2 - As partes podem reclamar contra a selecção da matéria de facto, incluída na base instrutória ou considerada como assente, com fundamento em deficiência, excesso ou obscuridade.

...

[10] Art. 516º CPC:

A dúvida sobre a realidade de um facto e sobre a repartição do ónus da prova resolve-se contra a parte a quem o facto aproveita.

[11] Art. 653º CPC:

2 - A matéria de facto é decidida por meio de acórdão ou despacho, se o julgamento incumbir a juiz singular; a decisão proferida declarará quais os factos que o tribunal julga provados e quais os que julga não provados, analisando criticamente as provas e especificando os fundamentos que foram decisivos para a convicção do julgador.

[12] Liberdade de julgamento

1 - O tribunal colectivo aprecia livremente as provas, decidindo os juízes segundo a sua prudente convicção acerca de cada facto.

2 - Mas quando a lei exija, para a existência ou prova do facto jurídico, qualquer formalidade especial, não pode esta ser dispensada.

[13] ARTIGO 350º

(Presunções legais)

1. Quem tem a seu favor a presunção legal escusa de provar o facto a que ela conduz.
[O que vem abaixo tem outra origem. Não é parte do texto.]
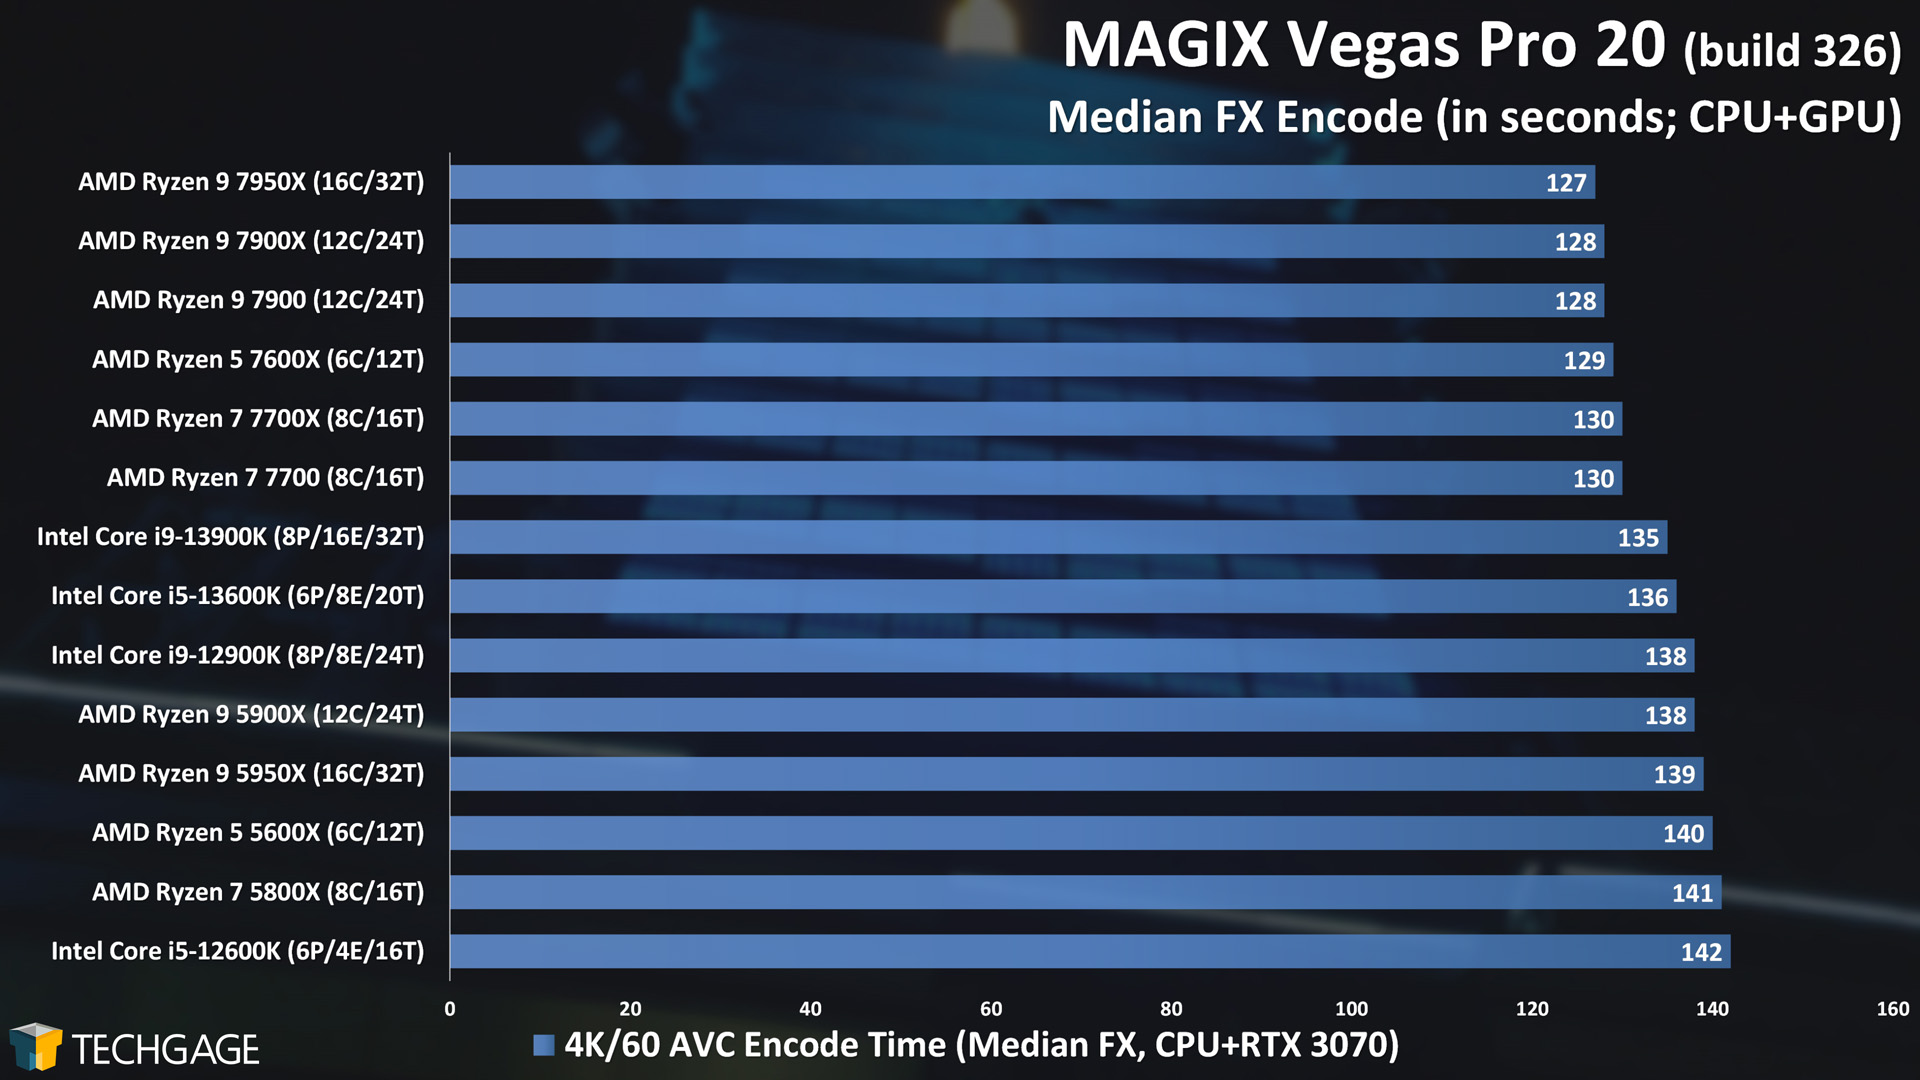 VEGAS Pro - Median FX NVENC Encoding Performance

2. As presunções legais podem, todavia, ser ilididas mediante prova em contrário, excepto nos casos em que a lei o proibir.

[14] Cfr. A. DOS REIS, CPCA, 3º, p. 248; OLIVEIRA ASCENSÃO, O Direito..., 1987, nº 275-C; J. BAPTISTA MACHADO, Introdução..., p. 111-112.

[15] Sobre o valor dos diversos meios de prova em juízo, v. ANTUNES VARELA, Manual de P.C., 2ª ed., p. 470 ss.